Firefishy avatar Oct 30 '22 03:10 Firefishy

I think the two main data consumers of the OSM wiki wikibase data are the iD editor and Sophox. The iD editor displays descriptions and images from the data items as follows (when you click on the i):

image

and the :pen: links to the respective data item (in this case Q98). Sophox on the other hand has apparently not been importing updates to the data items in nearly 1.5 years, see https://github.com/Sophox/sophox/issues/27. Note that taginfo does not use the Wikibase data at all (and was not planning on supporting it either), see https://github.com/taginfo/taginfo/issues/248.
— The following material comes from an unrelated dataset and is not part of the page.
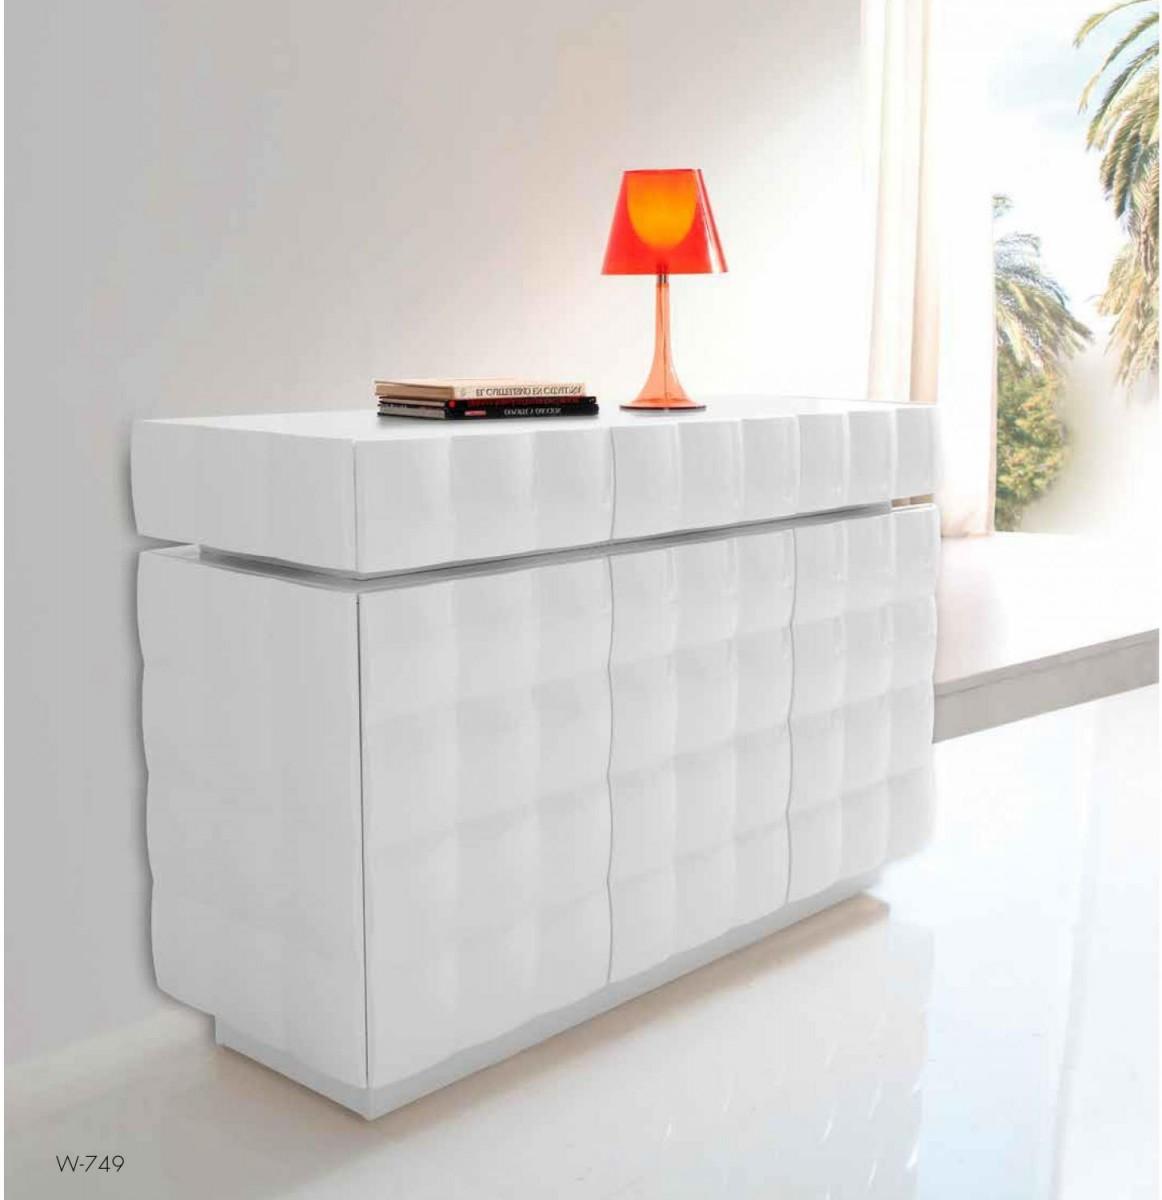 Tienda de sofas en valencia sofas outlet for Muebles candela valencia

While I am a big fan of structured data and think that we should embrace it as much as possible for the documentation of our tagging conventions, I do think that Wikibase is a poor fit for our use case because it requires data items to have numeric IDs ... which does make sense for Wikidata but not for tags because keys and values are already unique identifiers. Unfortunately Wikibase really seems to be primarily targeted at Wikidata. Another example being that we cannot disable the label fields for data items and they're often mistakenly translated as well.

Lastly the current state of the data items is quite a mess because there are absolutely no mechanisms in place to synchronize template data with the data items ... it's all done manually. And when you create a new page on the wiki there's no data item created for the page so many tag pages don't even have data items.

So with these caveats in mind I guess it makes sense to abandon Wikibase if it is a maintenance burden. I think we'd definitely need to migrate the tag description translations somewhere else ... IMHO regular wiki pages are definitely not an option ... we'd need some service with a similarly userfriendly translation UI.

I think ideally we could switch to some Wikibase alternative that better fit our use case but I don't think there is any.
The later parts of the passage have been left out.